If you manage your own SAN, you’ll eventually be asked questions like “Why are some of my databases slow?”, “Why do we periodically have performance problems?” or “Do we have a hot LUN?”. Modern arrays have real-time performance monitoring, but not all of them have historical data so you can see if there’s a periodic performance issue or if the current performance is out of the ordinary. There are vendor supplied products and lots of third party products that let you gather performance statistics, but they’re usually pretty expensive. If you just need to gather and report on the performance data for IBM V7000, SVC, or DS8000 storage, there is a great FREE product call Stor2RRD.
Stor2RRD is developed by XORUX, the developers of the excellent Lpar2RRD tool, and is free to use with relatively modest fees for support. As it’s name suggests, it collects data from your storage arrays and puts the data into RRD databases. It has much the same requirements as Lpar2RRD, a simple Linux web server with PERL and RRD, and you can run it on the same server as LPAR2RRD. If you have a DS8000 array, you’ll also need the DSCLI package for your storage, or just SSH if you have an SVC or V7000 storage array.
We had issues getting version 0.45 to work. But the developers responded to a quick Email with a preview of the next version, 0.48, which fixed the problem. The setup was pretty simple, we didn’t have any problems with the provided directions, and got everything setup and tested in an couple of hours.
After running the tool for a couple of weeks, we’ve collected what seems like a lot of data. Some of the high-level graphs are very busy, so much that it runs the risk of being “data porn”, data for data’s sake that loses some of it’s usefulness. But, you can drill down from these high-level graphs to the Storage Pool, MDisk, LUN, drive or SAN Port level and get details like IOPS, throughput, latency and capacity.
For instance, here is a graph if the read performance for the managed disks in one of our V7000’s:
That sure looks like mdiskSSD3, the teal blue one, is a hot array. Here is the read response time for that particular mdisk:
The response time isn’t too bad on that array, 3ms Max and 1.4ms on average, which for this data is more than fast enough.
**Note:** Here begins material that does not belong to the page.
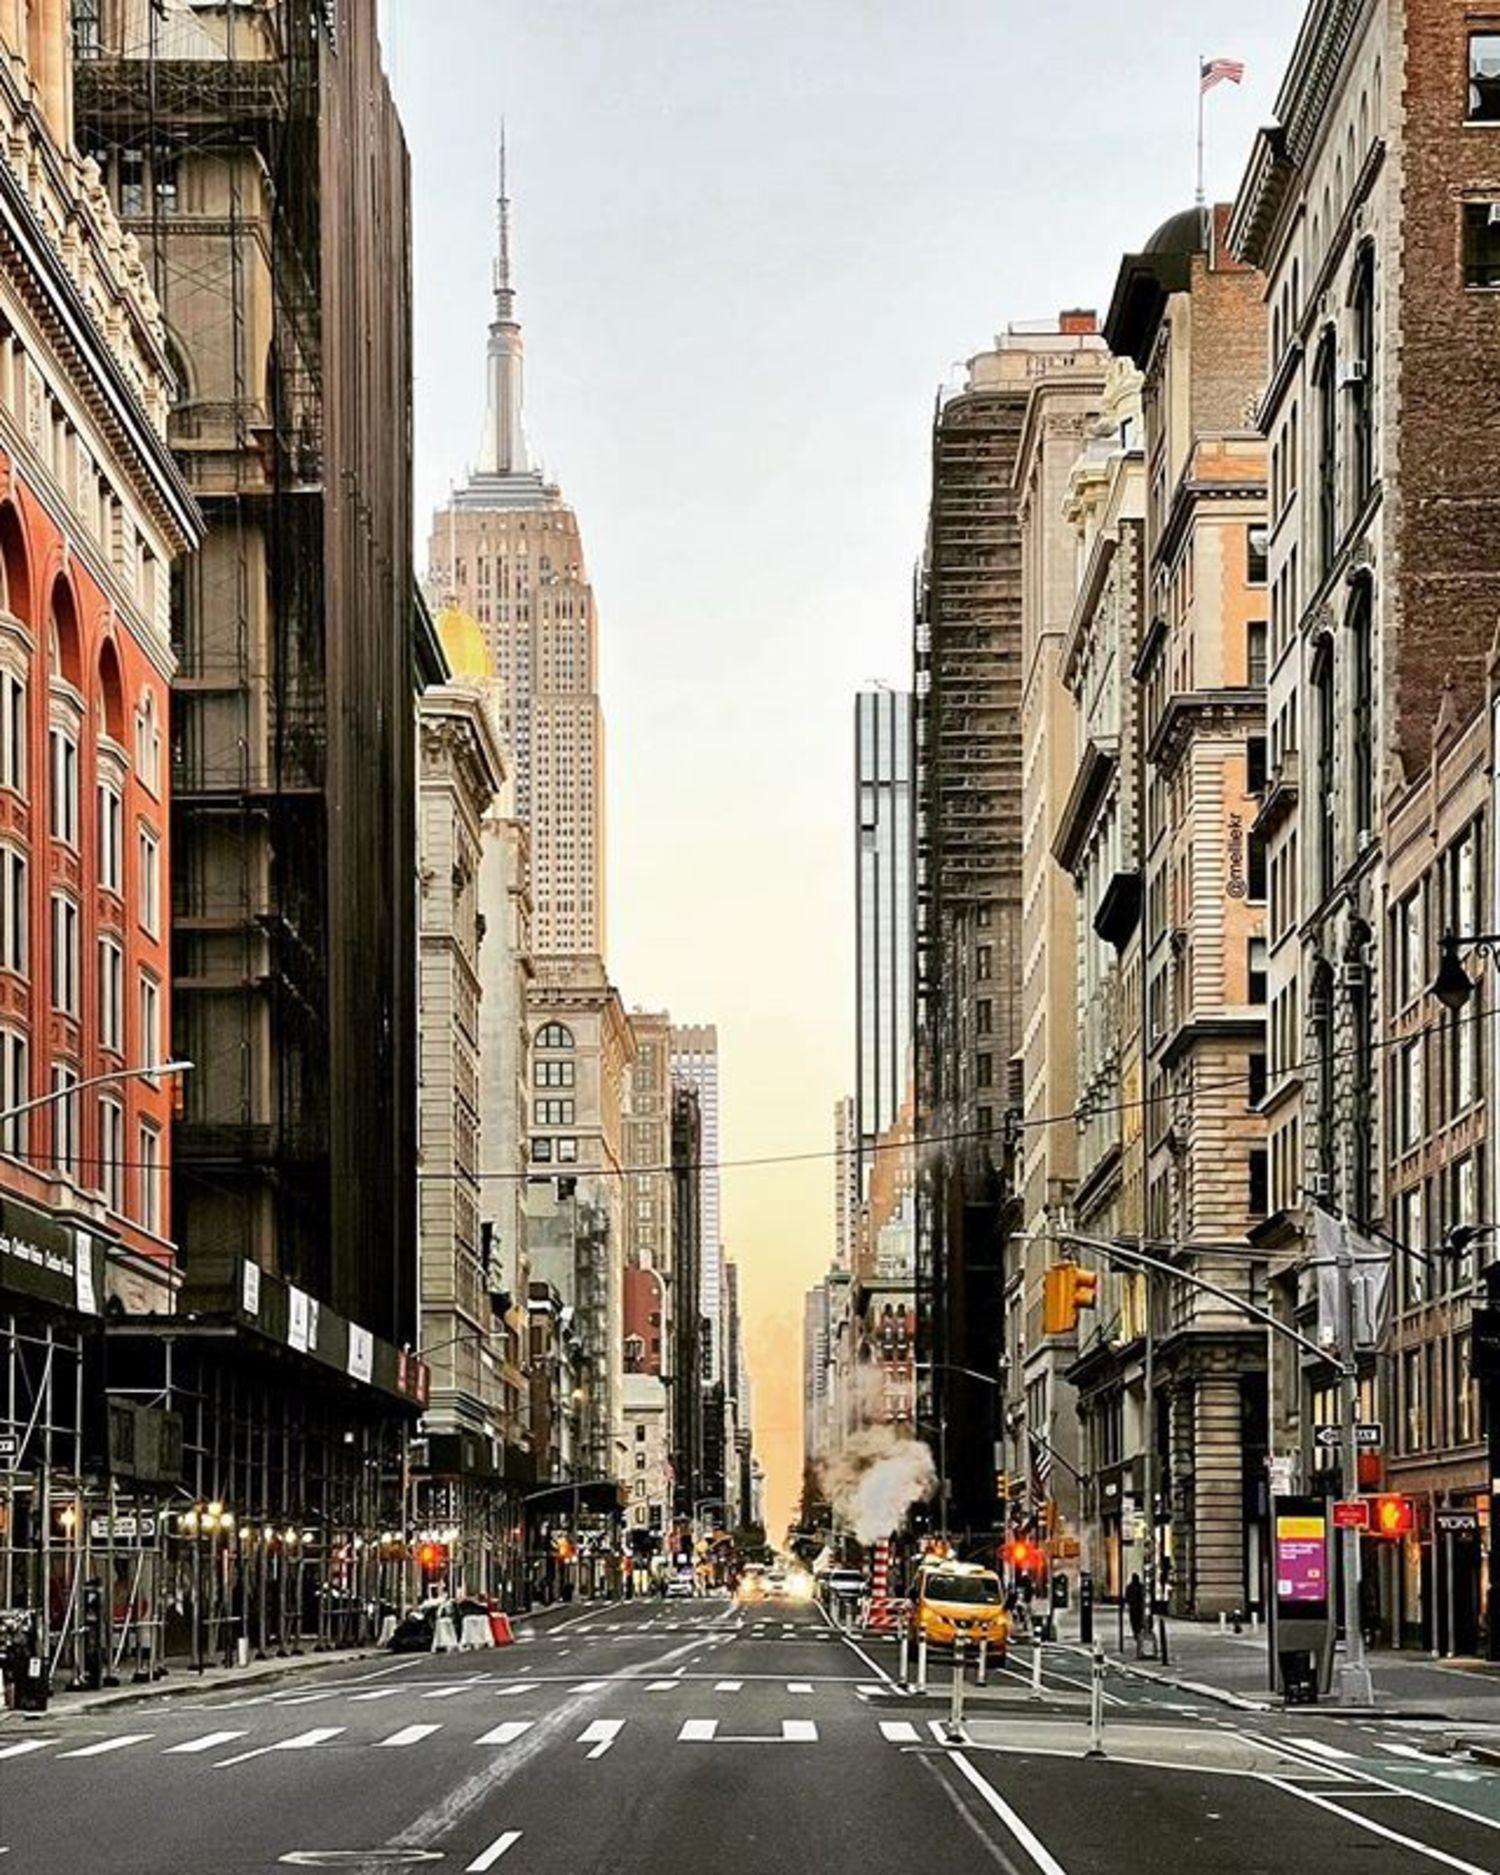 5th Avenue, Flatiron District, Manhattan

This is just one simple example of the data that Stor2RRD collects. With this data we have real information showing if a system’s slowness is because the server is using an abnormal amount of bandwidth or if we should consider adding more SSD to an over-subscribed pool. And that helps us make intelligent storage decisions and backup our reasoning with real numbers.
For the cost of a small Linux VM, you can deploy a troubleshooting and monitoring tool the rivals some very expensive third party products. And, if it’s helpful in your environment, Stor2RRD annual support is a fraction of the cost of other products.
There is a full featured demo on the Stor2RRD website where you use the tool yourself with the developers data.